To demonstrate, let’s add data to the source cluster using Aerospike’s benchmark tool. At the same time, we will scale the xdr-proxies on the destination side and observe the results. Before we start, we reduce the xdr-proxy server count to 1 to make the observations clear.
I use my own local machine which has the benchmark tool already installed to send data to the source EC2 instances. In order to do this, we need to get the external IP address of the service.
kubectl get AerospikeCluster aerocluster-source-xdr -n aerospike -o yaml
...
pods:
aerocluster-source-xdr-0-0:
aerospike:
accessEndpoints:
- 192.168.41.63:31999
alternateAccessEndpoints:
- 54.173.138.131:31999
clusterName: aerocluster-source-xdr
nodeID: 0a0
tlsAccessEndpoints: []
tlsAlternateAccessEndpoints: []
tlsName: ""
aerospikeConfigHash: 4aacb9809beaa01d99a9f00293c9f7dc141845f8
hostExternalIP: 54.173.138.131
hostInternalIP: 192.168.41.63
image: aerospike/aerospike-server-enterprise:6.1.0.2
initializedVolumes:
- workdir
- ns
networkPolicyHash: acbbfab3668e1fceeed201139d1173f00095667e
podIP: 192.168.50.203
podPort: 3000
podSpecHash: 972dc2a779fe9ab407212b547d54d3a72ecef259
servicePort: 31999
...
Add the AWS firewall rule to allow traffic into the Kubernetes service. Connect the asbenchmark
tool to start writing traffic using the public IP address for the NodePort Service.

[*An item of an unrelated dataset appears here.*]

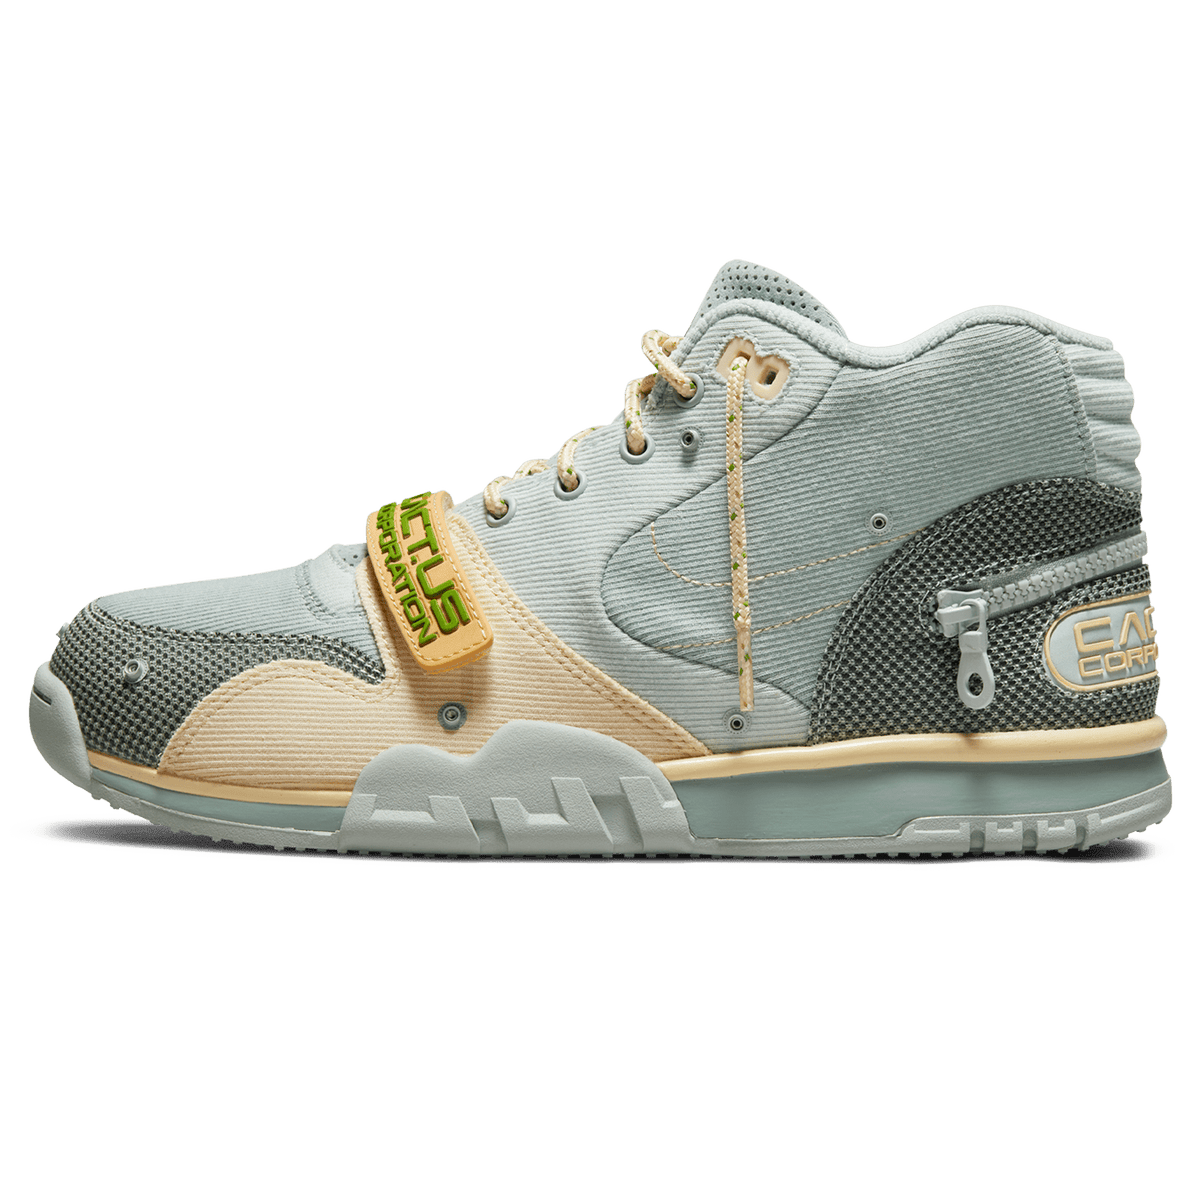 nike Trainers x cactus jack air trainer 1 dr7515 001 1

asbenchmark -h 54.173.138.131:31999 -Uadmin -Padmin123 -z 10 -servicesAlternate -w RU,0 -o B256
Scale up the xdr-proxy servers from 1 to 2, and check the logs of both proxies to see what messages they received. In a production environment, you should disable the logging.
Notice that no data has passed through the new xdr-proxy instance xdr-proxy-7d9fccd6c8-s2tzt
.
Conclusion
Dependable resiliency is a core part of the Aerospike value proposition. Aerospike’s XDR feature ensures that users can mitigate the risk of a cluster becoming unavailable by replicating data asynchronously from one data center to another. We show here how you can achieve this in a Kubernetes environment by using the xdr-proxy, allowing you to avoid network complications. All this has been achieved with minimum effort thanks to the Aerospike Kubernetes Operator.